I was one of those Mac greybeards (though I lost the Classic fetish, natch; I don’t enjoy spectacular crashes) whose formative word processing time was spent using Microsoft Word 3.1, maybe the best Mac word processor ever made. Mac Word has gone the usual MS application route of feature bloat, making the easy excruciating, and Total World Format Domination (including what appears to be the deliberate trashing of backwards compat in the newest Windows versions; is this actually true?)

So I was an early convert to Nisus Writer, which in its Classic versions offered some heady geek-level features (Perl for macros! Regexp!) but still could just straight-up open up a vein. I’ve followed them over to Express and now Pro, but there is one goddamn feature that’s keeping me from ditching the Big Bankcode Font W for good.

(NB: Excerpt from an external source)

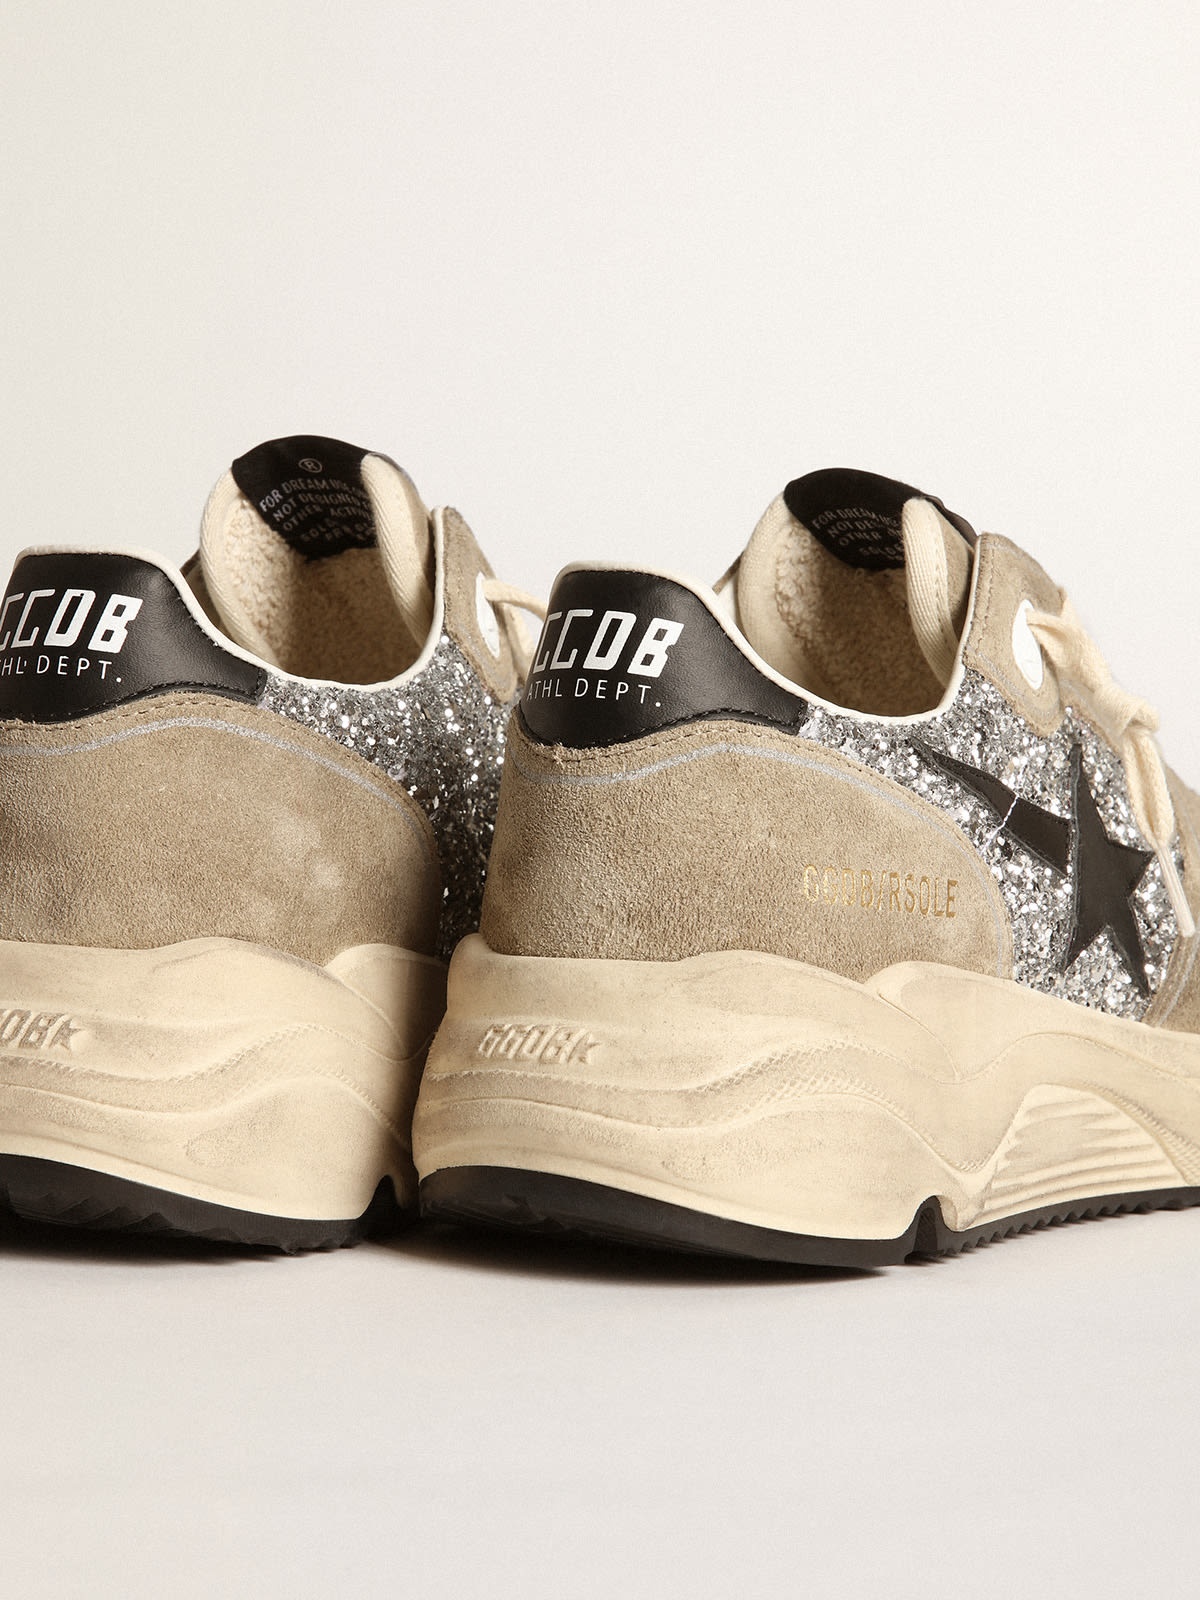 Running Sole sneakers in silver glitter and dove-gray suede with black leather star - 4

That is Track Changes. I desperately need Track Changes. We collaborate the living hell out of a document here at MPOW, and that means we TRACK CHANGES. To within an inch of a file’s life.

Nisus has been promising this feature, or least acknowledging the lack thereof, for a good couple years now at least, by my reading of their support forums. I’d like to see it move up on their priority list. I don’t want to have to buy YET ANOTHER Mac wp. Mellel didn’t do it for me, NeoOffice does some nice stuff but is heir to the death by a million small cuts that is OpenOffice on the Mac, and I don’t want to spend my sucker early adopter iPhone Apple Store credit for iWork (or is it iHardlyWorking?) Come on, Nisus, move it up.